Davies quotes an excellent passage from James F. Ross, which is to lengthy to reproduce, so I will note the main points. He compares God’s creation of the universe to a singer singing a song. Now, the song is really there, but it is dependent on the singer as long as it is; the same goes for the universe with respect to God. The song has features, structures, and properties which are not attributes of the singer; likewise, the universe contains necessary and contingent causes and effects, but this does not mean that God’s causality can be classified as one or the other (p. 128). Moreover, God’s causation of the world is a precondition of our being free, and so cannot impede it. “God does not make the person act; he makes the so acting person be . . . God does not make Adam sin. But God makes the sinning Adam, the person who, able to not sin, does sin,” says Ross. It is not as if there is first Adam, whom God then interferes with so as to produce the state of affairs of sinning. Rather, “It is the whole being, doing as it does, whether a free being or not, that is entirely produced and sustained for its time by God,” Ross notes (p. 128).

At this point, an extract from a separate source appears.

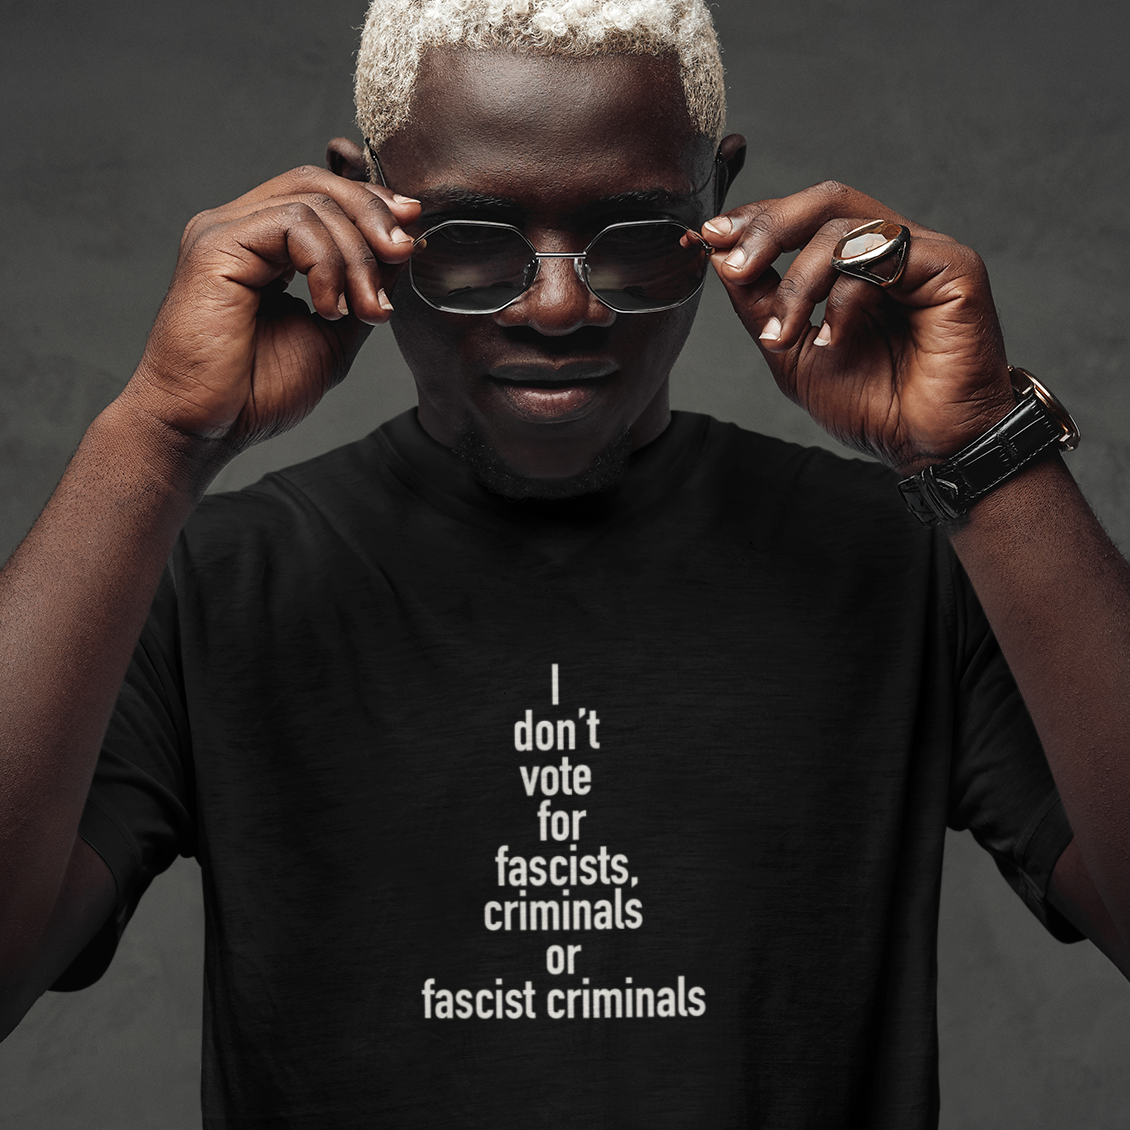 I Don't Vote for Fascists or Criminals - Unisex T-Shirt

Since this is so, God could have made persons such that they never sin even though they can (or could have been able to) sin. Since this is so, the free will defense fails (pp. 128, 129).
However, this doesn’t by itself mean that we cannot exonerate God by other means and ends considerations. “Might there be other (non-moral) evil which God does need in order for there to be certain goods,” asks Davies (p. 129). Various writers believe that things like famines and other natural evils can be occasions for particular people to develop morally, gain or display certain virtues. So they would answer this question in the affirmative.

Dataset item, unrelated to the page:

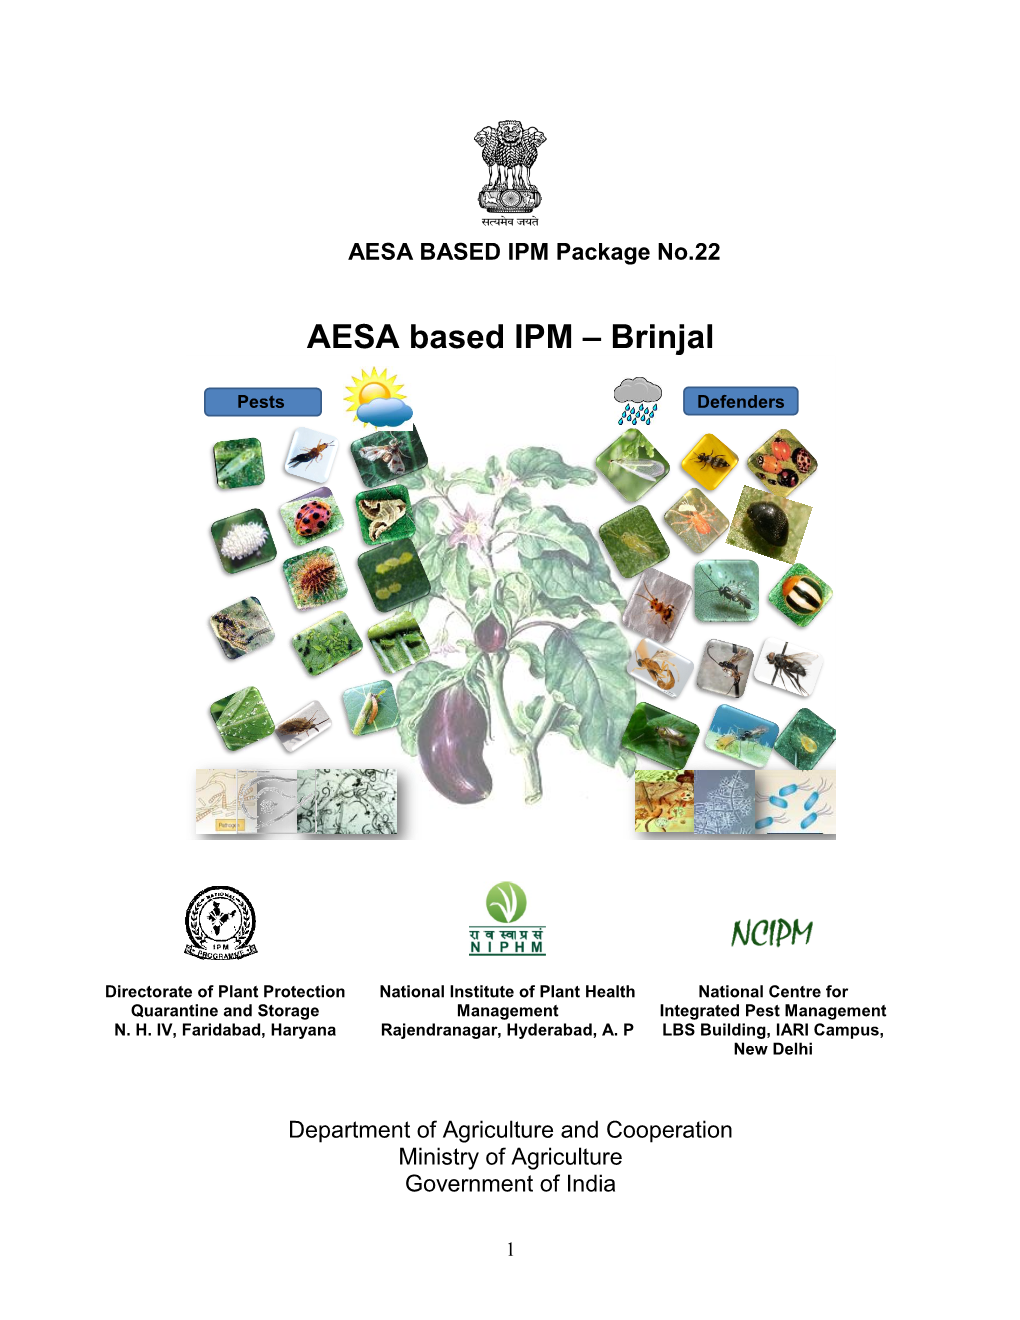 AESA Based IPM – Brinjal

Davies, however, does not think that this point, true as it might be, provides the kind of moral exoneration thinkers like Swinburne thinks it does (pp. 129, 130). First, the idea of appraising God morally is incoherent. Second, even if we can judge God in moral terms, how does the logical connection between these evils and their consequent goods exonerate God? If I give you cancer, it may produce virtues in you, but I’m not for that reason justified in giving you cancer. Moreover, what about where the good gained by someone’s suffering is had by someone else (p. 130)? His reasoning can be summed up in this remark. “It is, of course, true that we cannot choose to help people unless they are in need. It seems odd, however, to suggest that one is morally justified to put people in need so that others can help them” (p. 131). Nor can the problem of evil be resisted by arguing that we simply don’t know enough to say that good won’t come out of all evils. True as that is, it doesn’t provide a moral exoneration of God. “Are there not certain means which cannot be morally justified even though they might lead to various goods arising,” asks Davies: where among such impermissible means include many of the evils we actually see in the world. What these kind of arguments do is ask us to morally exonerate God for reasons which we would not exonerate our fellow humans, so they fail (p. 134).
You cannot morally exonerate God by utilizing means and ends reasoning, concludes Davies (p. 136).
[1] At least this is to say, if we are unfree, it is not because God causes us, but because of our nature. For God causes us to have the nature that we do; if this nature is free, God causes us to be free. If this nature is not free, then it is not possible for God to make free humans, since this would be a contradiction. Edward Feser has more to say about this here.